Following an initial burn-in period of 10N generations, we considered a three-stage demographic model characterizing a single patient infection: moving forward in time, we describe 1) a neutral equilibrium population of size N, 2) an initial infection bottleneck leading to an instantaneous population reduction to size N2, and 3) a subsequent population size recovery to size N. In stage 1, we modeled a population of size N = 1,000. In order to quantify the effects of underlying assumptions pertaining to population size, additional simulations and inference were performed at N = 25,000. During stage 2, the severity of the population bottleneck (β) was sampled from ∼U[0.001, 0.1], where N2 = N*β - as the distribution of infection size in humans is unknown. However, it has been reported that in cattle TB (M. bovis) infection can be established by a single cell forming unit (Dean et al. 2005). During stage 2, the degree of progeny skew (or Ψ) was sampled from a prior distribution of ∼U[0, 0.2]. A value of 0 corresponds to the standard WF model. Progeny skew was simulated following the procedure of Sackman et al. 2019. In brief, one individual is chosen from the primary population A and founds a separate subpopulation B, the single generation unidirectional migration rate from B to A is set to Ψ, and the chosen individual thus contributes NΨ offspring to the following generation of A. A series of mate choice callbacks in SLiM force the migration rate to be exact rather than stochastic (see Supplementary Materials of Sackman et al. 2019). Subpopulation B is removed, the next generation begins, and a new individual is randomly sampled for the following generation. As such, each generation is a combination of N(1-Ψ) replacement events and a single sweepstakes event of magnitude NΨ. To emulate patient sampling at the onset of symptoms (approximately three months minimum (Behr et al. 2018)), we allowed stage 2 to run for 90 generations, assuming a generation time of 24 hours (Cole et al. 1998), and stage 3 to run for 910 generations before outputting genome alignments in ms format. Thus, the total generation time of our model was 11N.
Drawing from these prior distributions, 10,000 points (i.e., parameter combinations) were sampled. For each parameter combination, we conducted 1,000 replicates in order to characterize both the mean and variance. Summary statistics were calculated in the R package PopGenome version 2.6.1 (Pfeifer et al. 2014).
Data analysis and joint posterior estimates
For comparison to patient data, we examined the distribution and mean of segregating sites in samples published by Trauner et al. (2017). (https://zenodo.org/record/322377#.XO2CAy2ZNBw). A subset of 1,000 populations was simulated under the conditions described above. Given that patient data are subject to stringent filtering criteria, removing SNPs under a particular frequency cut-off, it was necessary to filter the simulated data to allow fair comparison. Thus, 100 genomes were sampled per each simulated population, and variants < 2% frequency were filtered out before the calculation of summary statistics (Table S1). Afterward, only genomes with ≥ 2 segregating sites were considered for further analyses, and the fraction of “invariable genomes” was noted for comparison to patient samples (Figure 2 and Table S1).
RESULTS & DISCUSSION
Considering levels of variation
We here report the first joint consideration of mutation rate, purifying selection, infection history, and progeny-skew in M.TB populations. A correlation of summary statistics (Figure 1) demonstrates that while mutation rate (μ) increases the number of segregating sites as expected, progeny skew (Ψ) acts to reduce variation. Furthermore, as the Ψ-parameter is of relevance every generation (i.e., every reproduction event), the impact of this previously unconsidered progeny skew on levels of variation is in fact much stronger than the single bottleneck event associated with infection. Considering the full distribution of sampled μ values (Figure S1), it is apparent that Ψ drastically reduces the average proportion of segregating sites genome-wide even for fast mutation rates, and that the probability of producing genomes devoid of any variation will naturally increase as μ decreases.

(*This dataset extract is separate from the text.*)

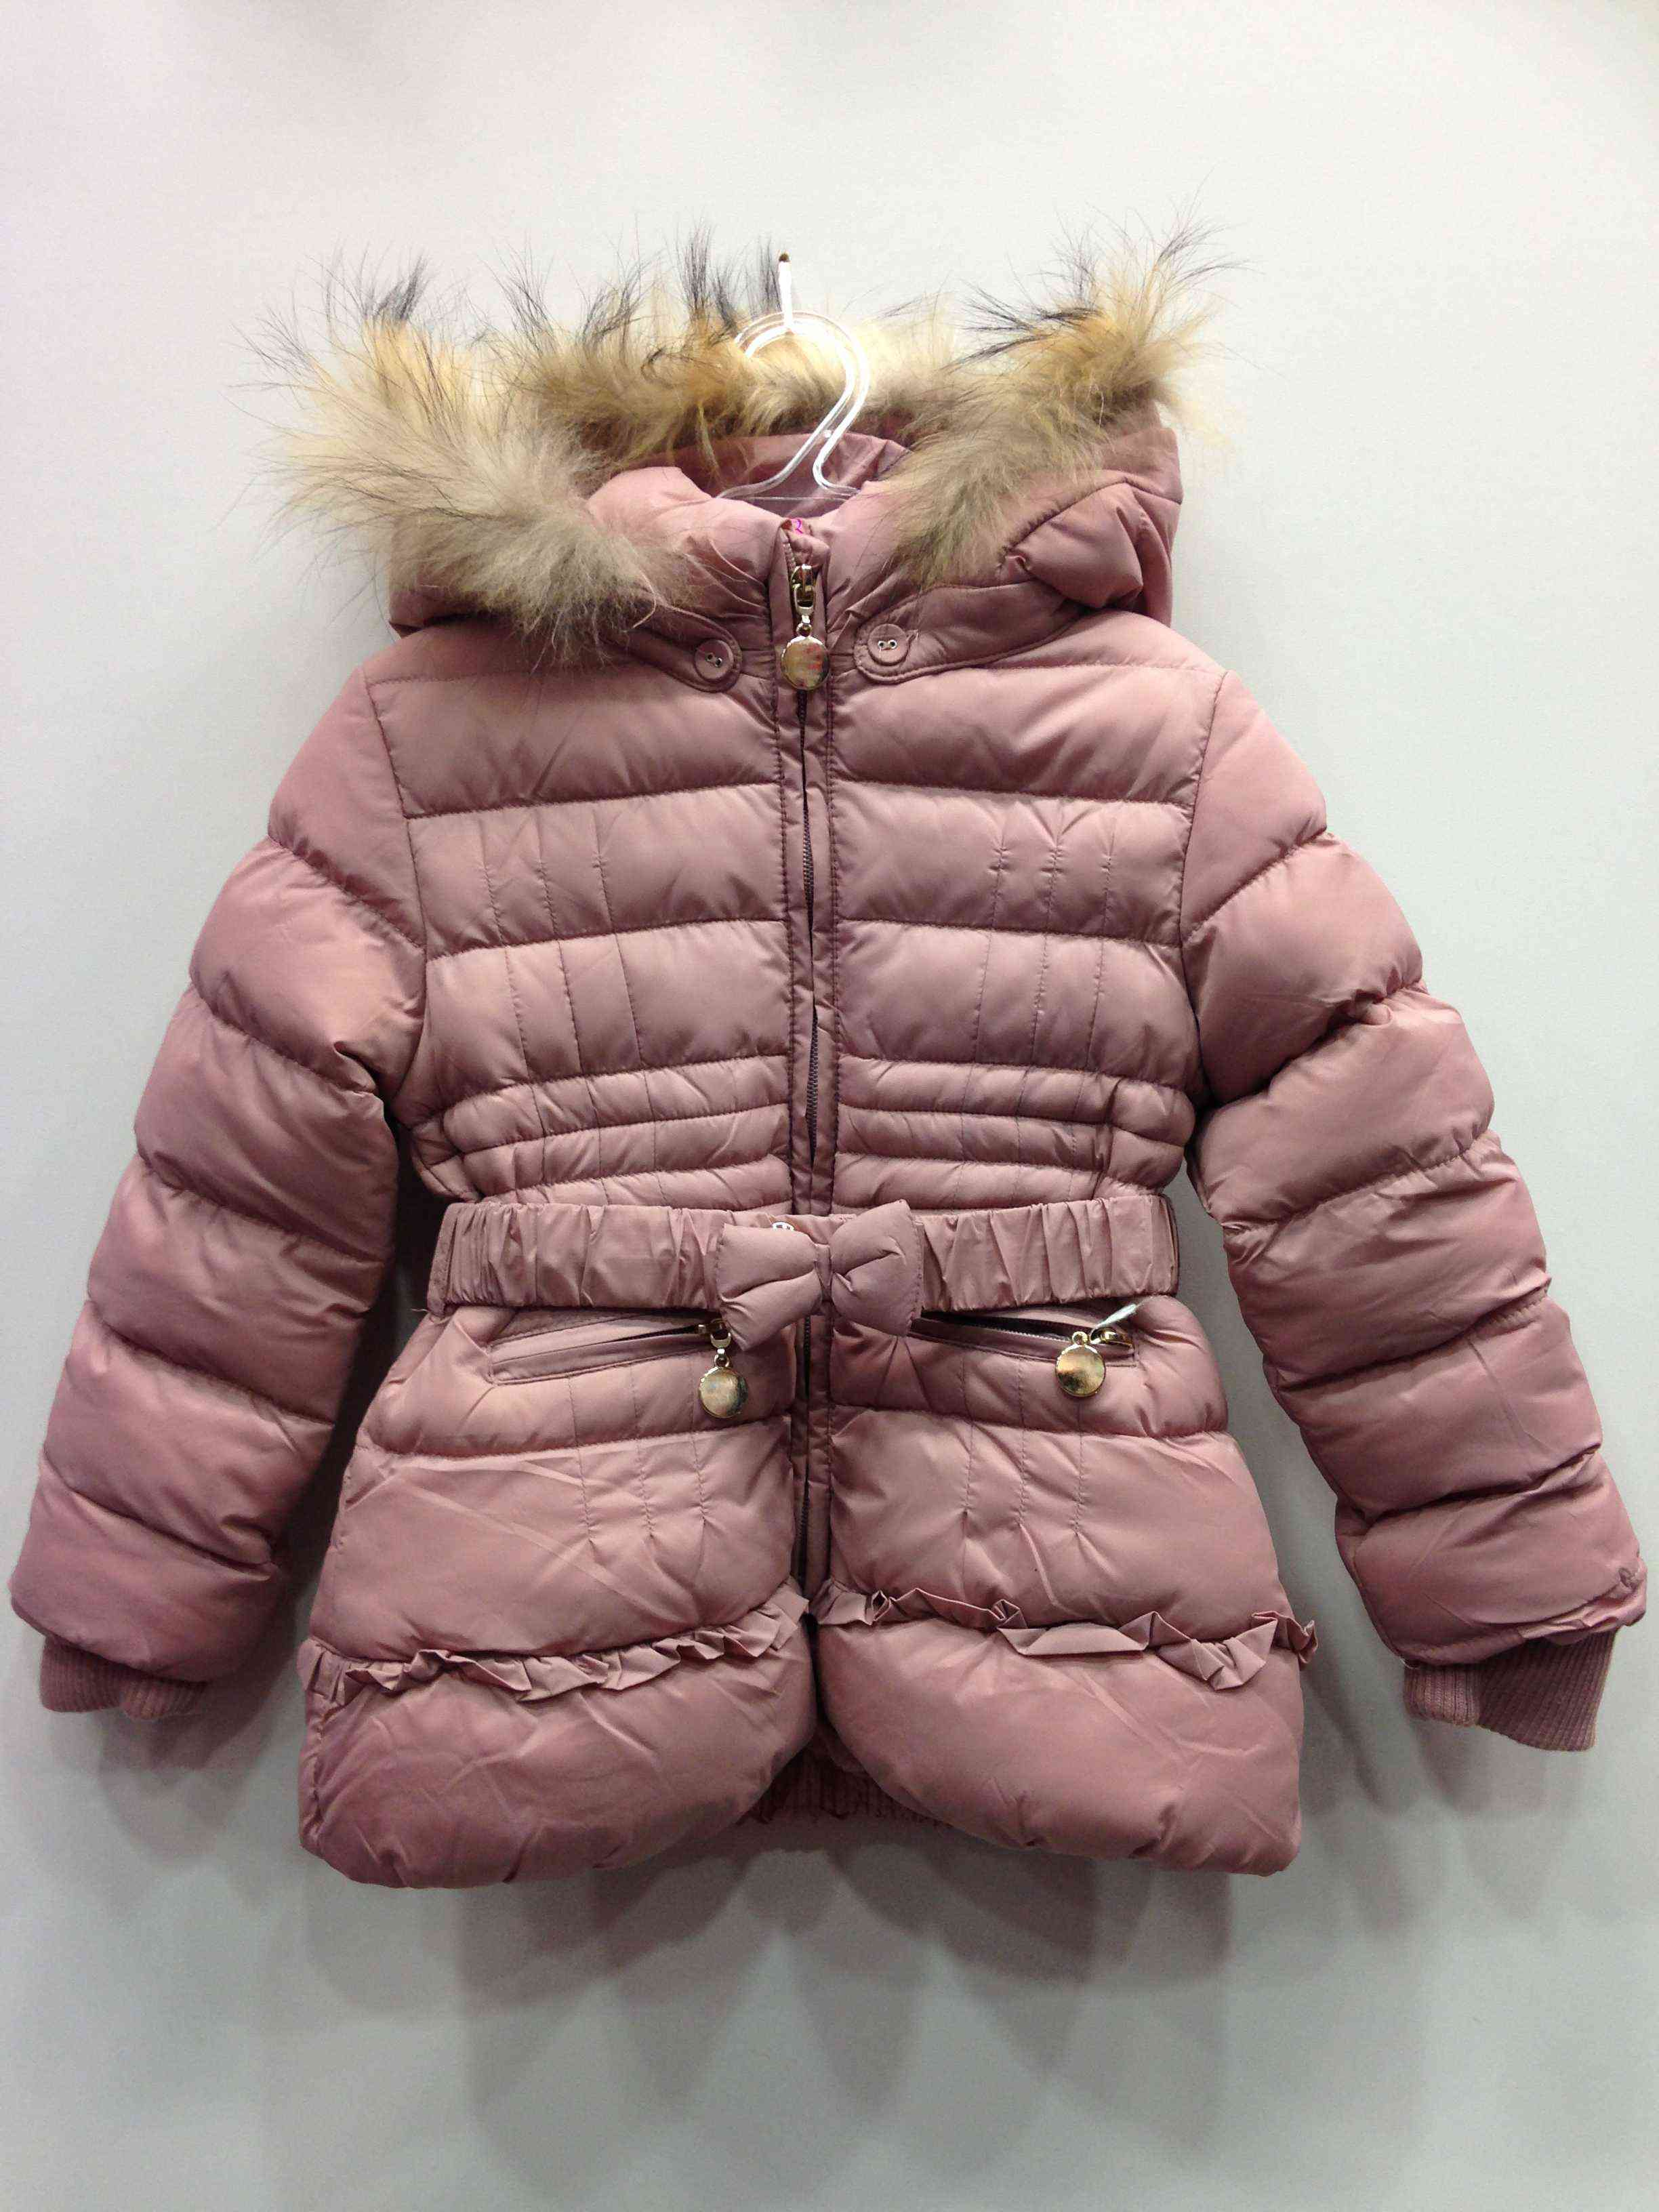 6b8e80afb5d Μπουφάν ροζ με γούνα στην κουκούλα και ζώνη φιόγκος | Kids Club

In order to consider a range of μ consistent with observed data - once pervasive purifying selection and progeny skew have been taken in to account - two examples of patient data collected by Trauner et al. (2017) representing low (20 segregating sites genome-wide) and high (50 segregating sites genome-wide) variation samples were plotted and compared to the simulated data. In order to compare simulated data with patient data, the same filtering steps must be applied. In this case, SNPs under 2% frequency were filtered in the empirical data, and thus, the simulated data were similarly filtered in order to be comparable (Figure 2).
As shown, fast mutation rates (μ on the order of 1e-6 and 1e-7) routinely produce expected numbers of segregating sites far above that observed in patients, regardless of other parameter values, while slow mutation rates (μ on the order of 1e-9) generally result in too little variation to match observation. This result is of interest as M.TB mutation rates are generally believed to be exceedingly slow (Sherman et al. 2011) - though importantly, this inference has largely neglected the important contribution of these additional evolutionary processes. Thus, once accounting for the diversity-reducing effects inherent to clonality, as well as the extent of purifying selection effects inherent to a compact, non-recombining genome, it is evident that the de novo mutation rate is likely faster than previously believed, with mutation rates on the order 1e-8 well matching the range of observed data (Figure 2). In addition, in order to consider the impact of underlying assumptions pertaining to population size, simulations were re-performed with a 25x larger population size. As shown in Figure S2, owing to these diversity reducing effects, mutations rates on the order of 1e-8 remain the best fit to observed levels of variation, with slower mutation rates still producing too little variation and too many invariable genomes to be consistent with patient data.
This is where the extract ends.